Headcanon #225: Updates to Colors and The Distinctions Between Violet, Celadon, and Cerulean.
I have previously started the following: 1) All blues (including cerulean) are desire based. 2) All purples (including violet) are pain based. 3) Celadon is hope. 4) Cerulean is longing.
Now, when I originally set up blue as desire, I did so under the assumption that blues, and shades thereof, were physical desires, as defined by its brightest and pulsating form - the flashing neon blue that correlates directly with sex (and sexual desire to some extent, with the exception that the act itself does cause differences within the pulses of the color and how bright it is, among potential other things).
However, the color periwinkle is a blue-based color that has nothing to do with a physical form of desire; it is defined as concern, which is more a combination of curiosity and fear on behalf of another person (but does not use either of those colors because it is a color all on its own in the same way that concern is an emotion all on its own). Therefore, the idea that all blues must be physical desires must be incorrect.

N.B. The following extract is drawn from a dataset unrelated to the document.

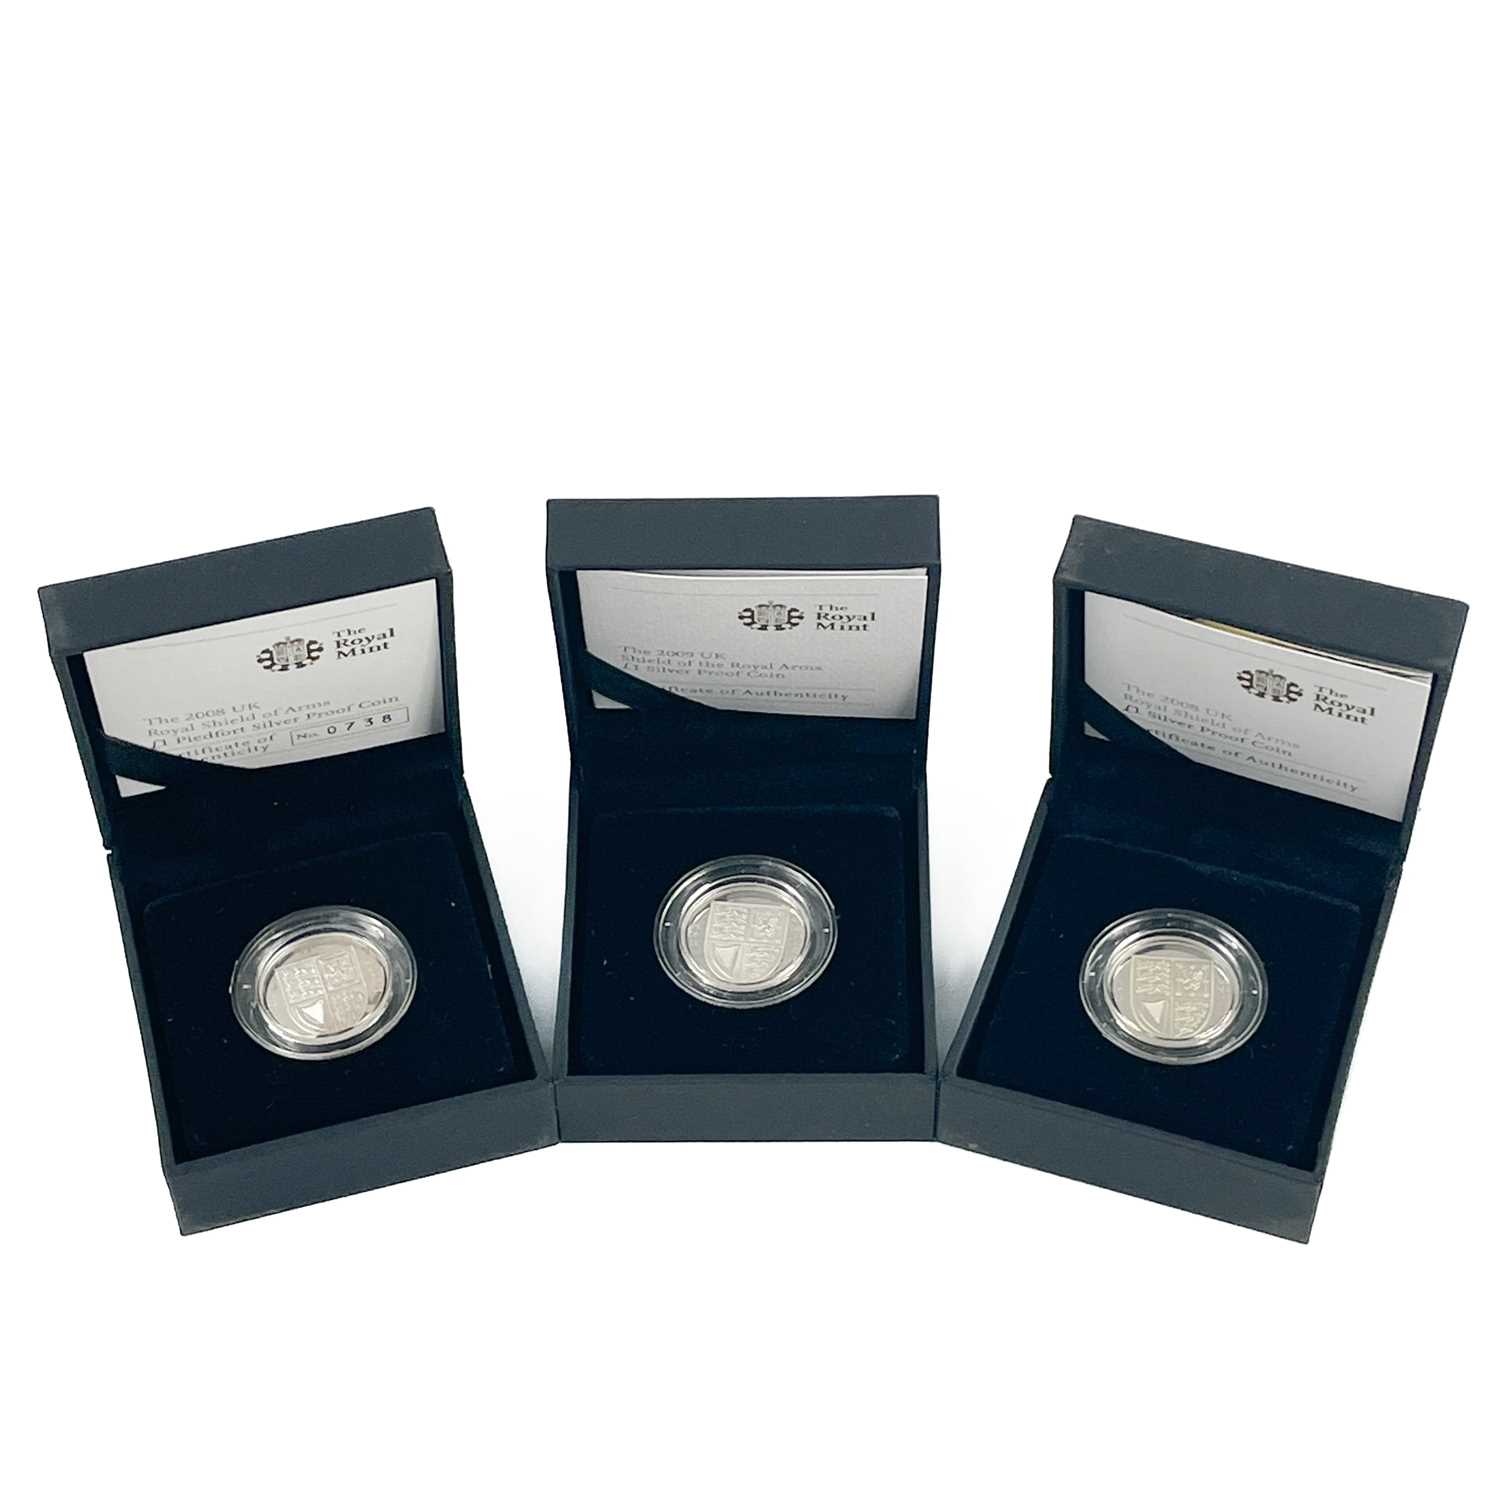 UK Silver Proof £1 Coins 2006 to 2009 (8 coins) in Royal Mint Coin Cases. - Image 3 of 8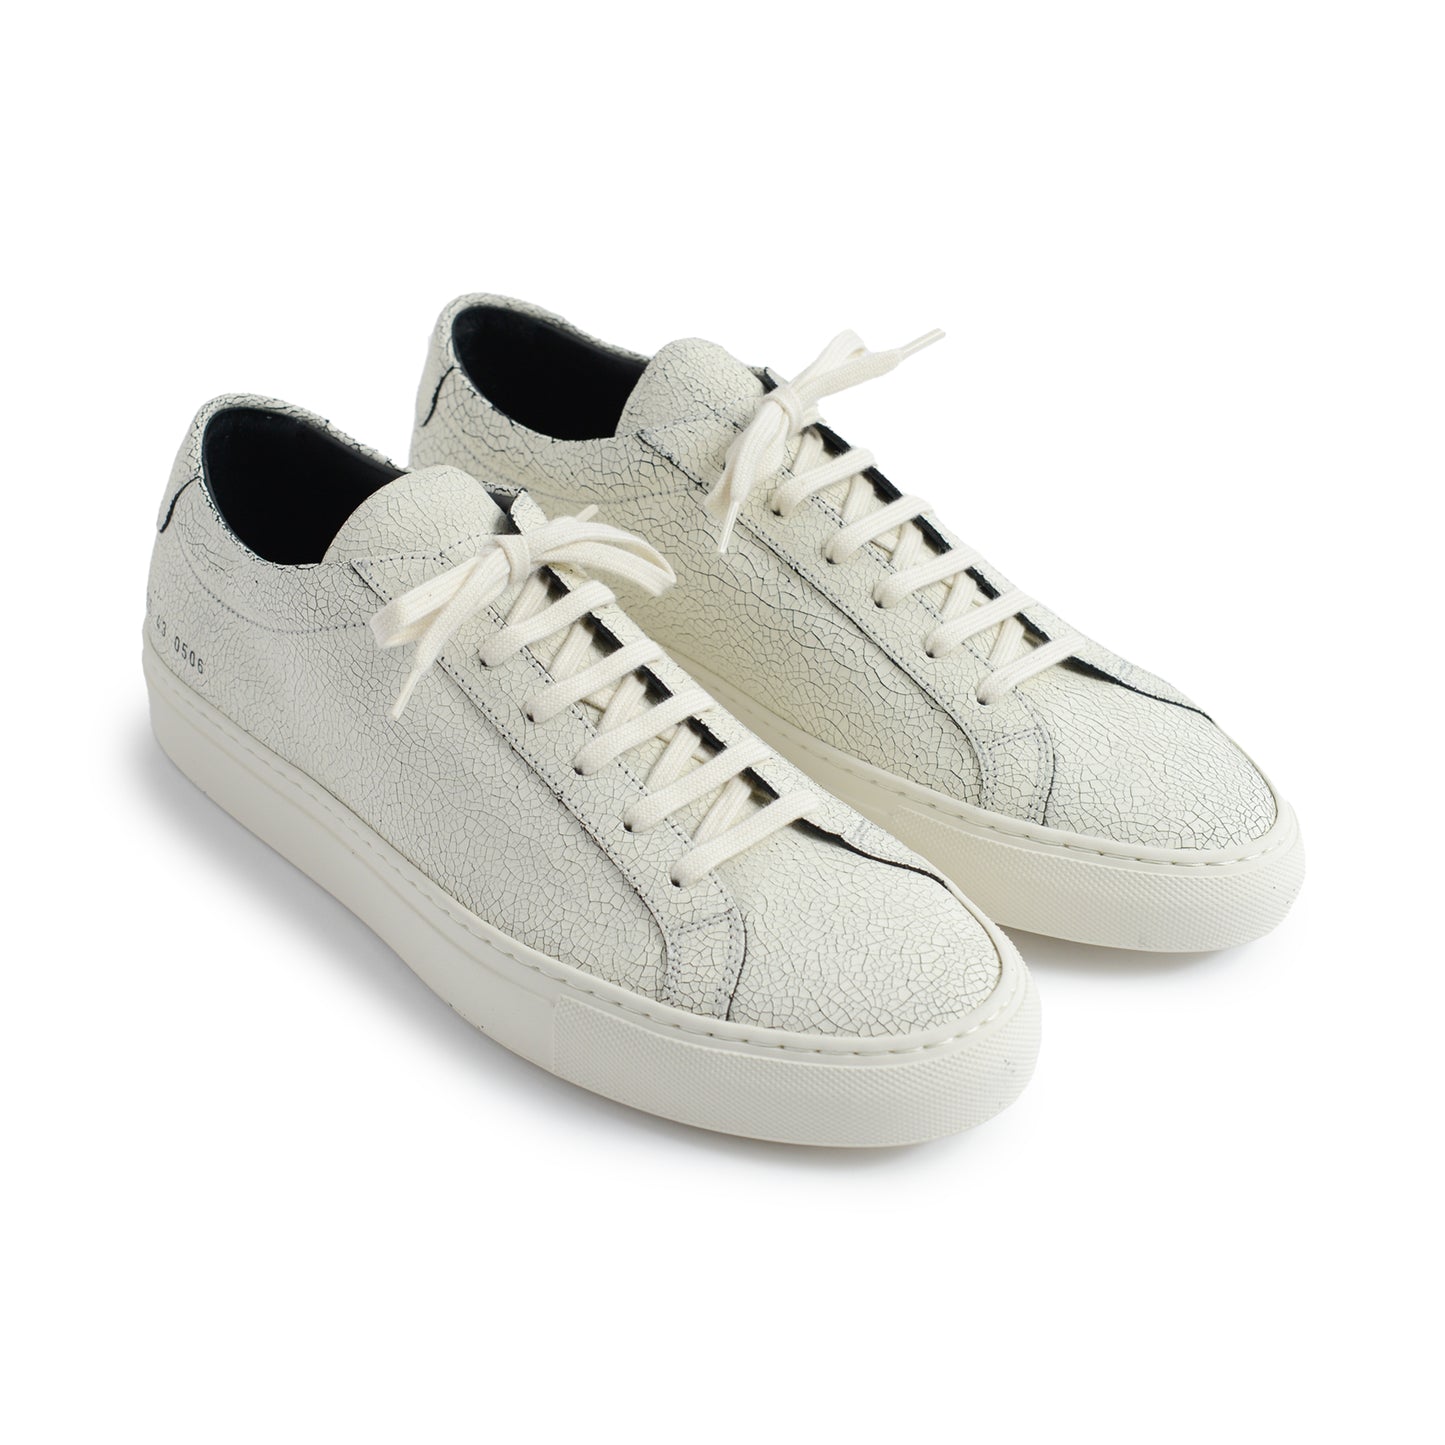 Common Projects Original Achilles Cracked-Leather Sneakers

The problem then arises in that if blue is still connected with desire - any form of desire - then why isn’t hope a blue-based color? Celadon is a green (which...has no such overarching emotional connection in the same way that blue:desire and purple:pain do, since celadon:hope is not compatible with lime green:pity and olive green:understanding, unless we go on it being something directly correlated with an emotional connection to another being...which is always possible), not a blue, and yet hope is a desire - a desire for certain future events. So not all desires are blue.
I have recently come to the conclusion that violet is temptation for the following reasons: Violet is a purple, which means that it must be connected with pain, and it has been described as an “ache nestled just in her chest, something broken.... Something almost like hope”. Hope is a desire for a future event, so violet, therefore, must be something similar to that desire but painful. Violet is also Eleanor Weiss’s color, which originally made me think it must be guilt, except that there is no hope in guilt (unless one is hoping for reparation). However, given Eleanor’s past as Nonnie Montgomery and her relationship with Dead Richard (a forbidden relationship between a human and a Toon, among other things) and the circumstances of the aforementioned quote, the idea of violet as a desire for something forbidden - temptation - made much more sense to me.
But, again, you get this idea of a desire that is not a blue. Therefore, although most desires are blue, not all blues are desire based and not all desires are blue.
Then we get into the ideas of cerulean:longing, celadon:hope, and violet:temptation, which are all very similar. In their most basic forms, the distinction is as follows: violet is, again, a desire for something that is forbidden; celadon is a desire for a future event (in general, but typically not one that is forbidden); and cerulean is a desire for physical intimacy without falling into anything sexual. This does not mean that the desire for physical intimacy assumed by cerulean cannot be sexual, but that the desire for intimacy is more important than the sexual aspect of it, which can lead to sexual encounters that flash cerulean instead of neon blue.